On Thu, 26 Jan 2023 17:33:28 GMT, Justin King <jck...@openjdk.org> wrote:

> Adds initial LSan (LeakSanitizer) support to Hotspot. This setup has been 
> used to identify multiple leaks so far. It can run most of the test suite 
> except those that rely on testing compressed oops or compressed class 
> pointers. It is especially useful when combined with ASan, as LSan can use 
> poisoning information to determine what memory to scan or not to scan, making 
> leak detection more accurate and faster.
> 
> **Suppressing:**
> Currently the suppression list is only used to suppress JLI leaks that are 
> known, the rest are done in code. Suppressing needs to identify the source of 
> thet leak.
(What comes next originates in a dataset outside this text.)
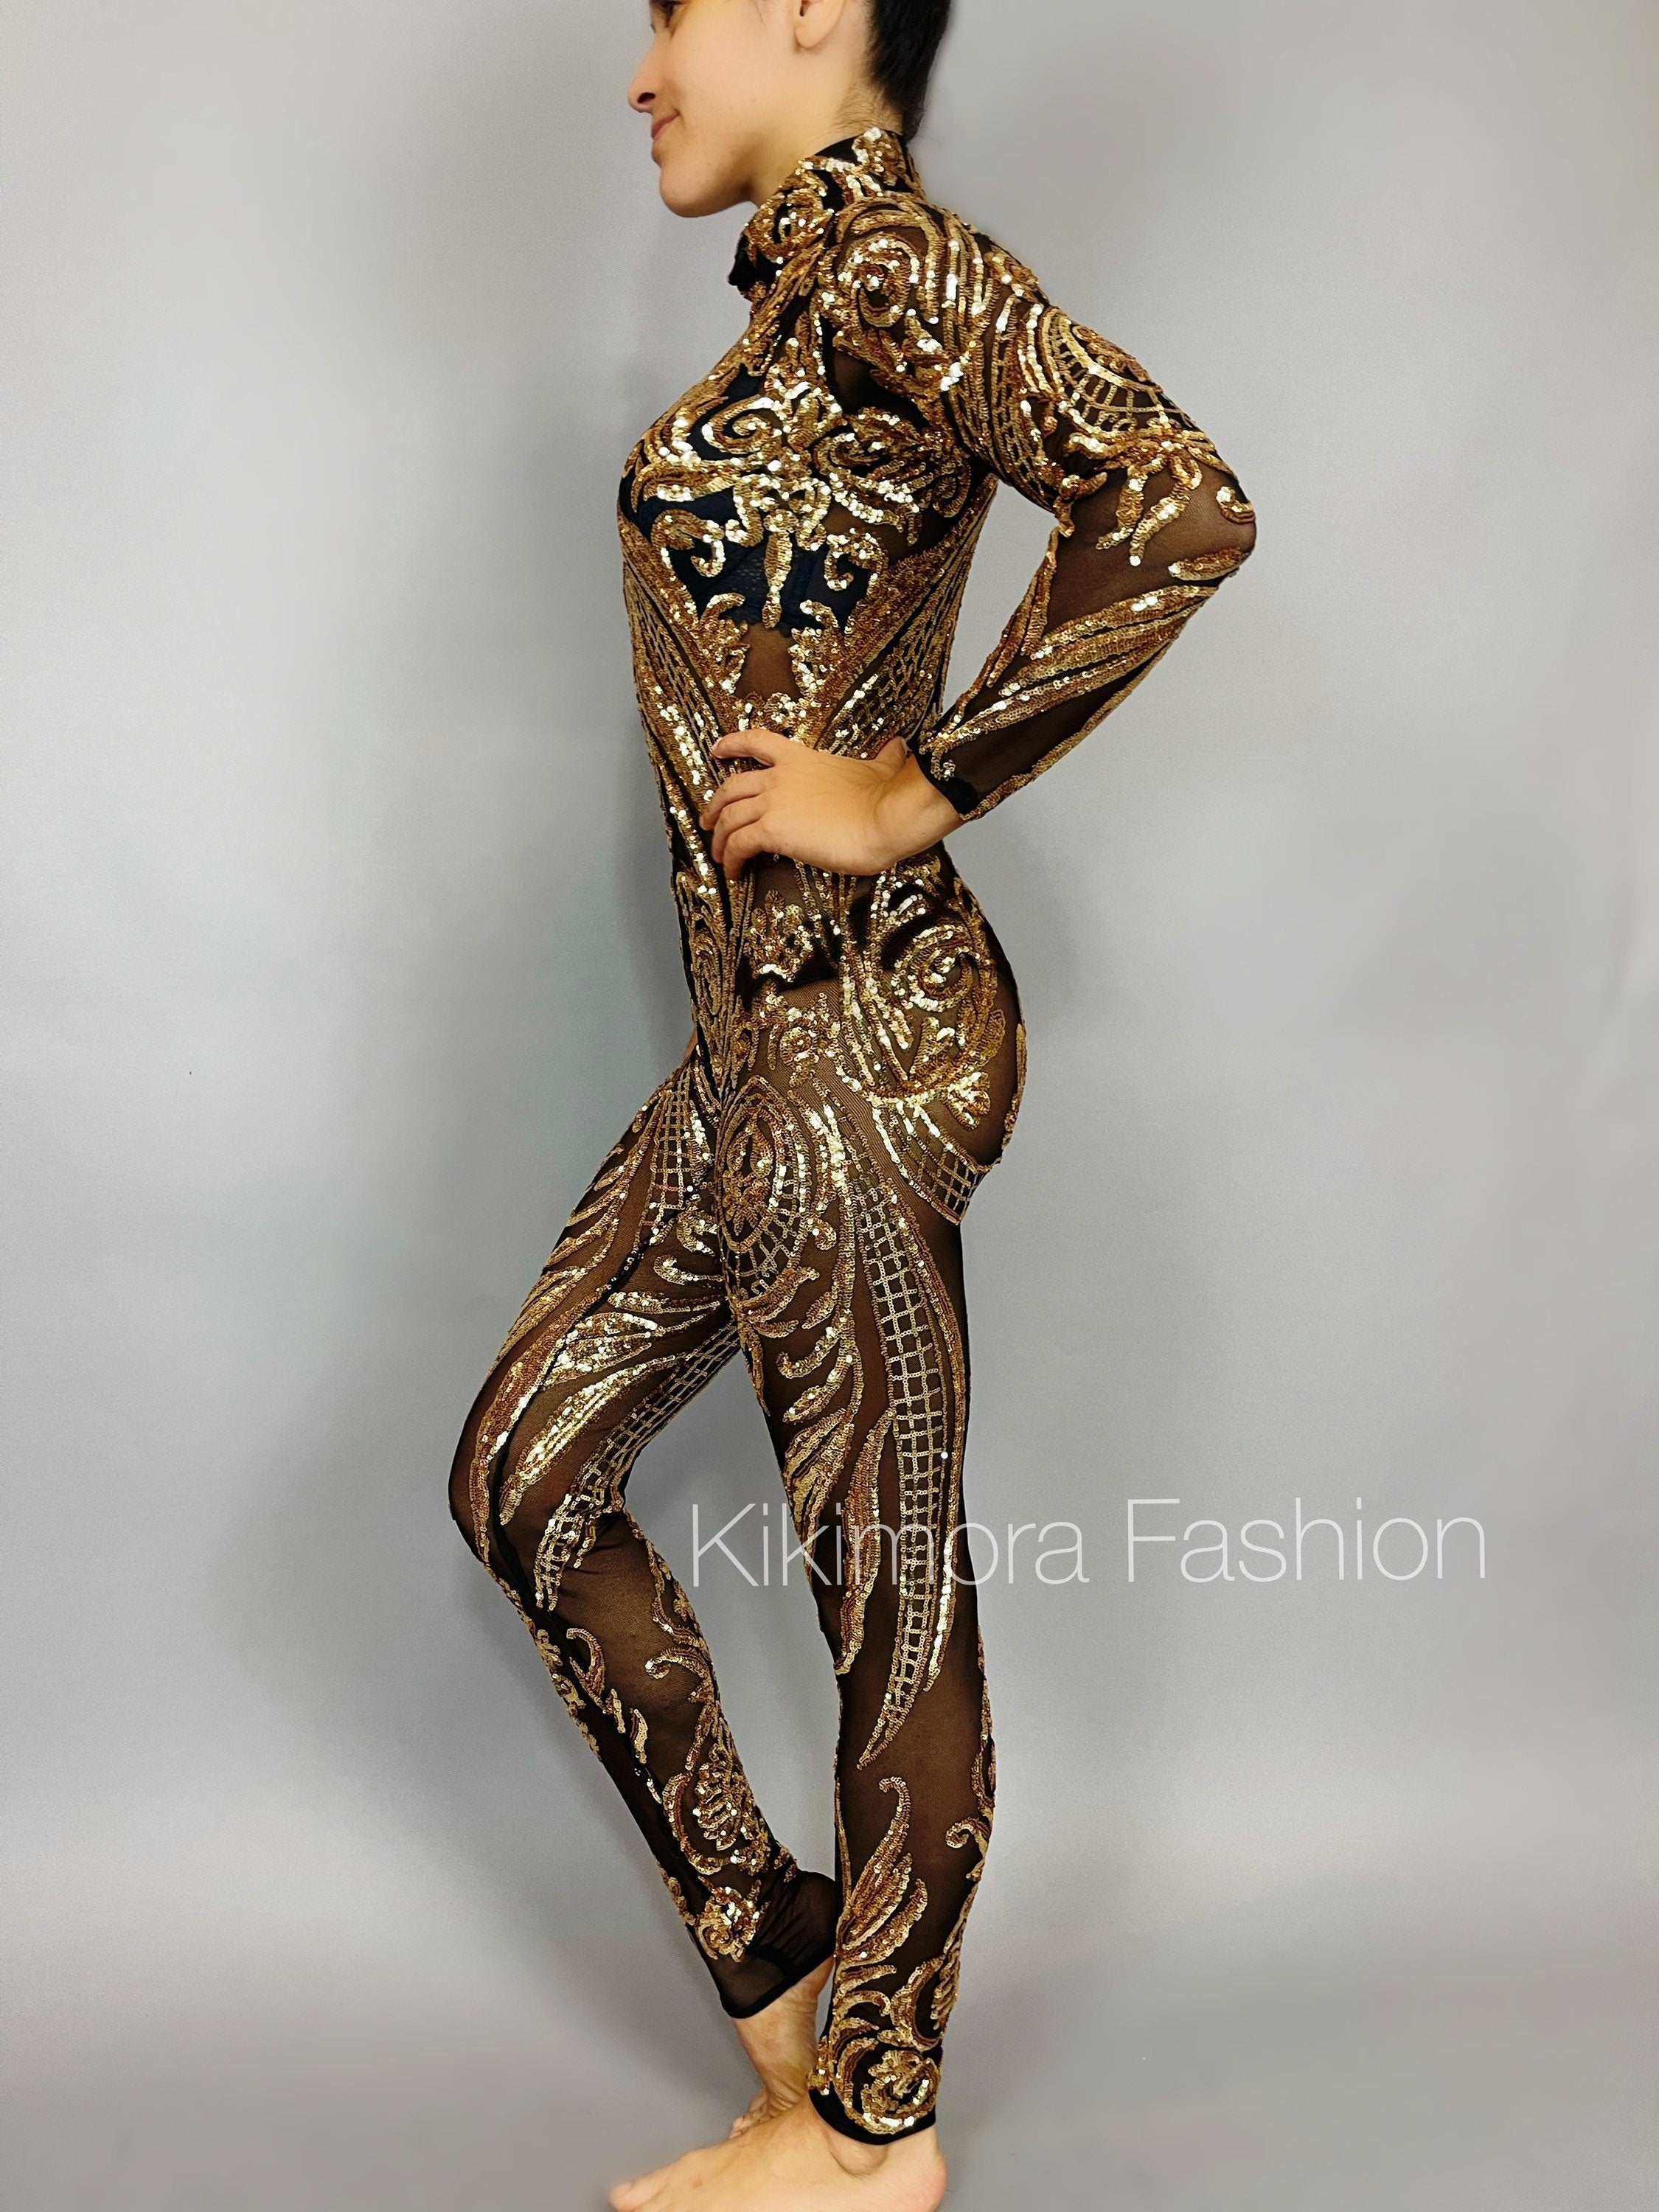 Sequins Catsuit, Headpiece, Gloves, Skirt, Futuristic Clothing, Exotic Dancewear, Circus Party Outfit

Due to Hotspot's code organization, we would need to suppress 
> `os::malloc` and friends, which would suppress everything. Suppressing in 
> code has the added benefit of being explicit and surviving refactors if 
> methods change.
> 
> **Caveats:**
> - `UseCompressedOops` and `UseCompressedClassPointers` are forced to false 
> when LSan is enabled. This is necessary to ensure all pointers to memory 
> which could possible container pointers to malloc memory are property 
> aligned, which is an LSan requirement.
> - By default ASan enables LSan, however we explicitly disable it unless 
> `--enable-lsan` is given. This is due to the other caveats. It is useful to 
> be able to use ASan without LSan. Using LSan by itself is less likely to be 
> useful and will probably not work, but its still possible currently.
> - There are a series of tests that are upset due to the above flags being 
> forced false, as they rely on the arguments being supported. In the future 
> ideally these tests would be skipped nicely when LSan is enabled.

Updated. Was able to get it cooperating with CDS.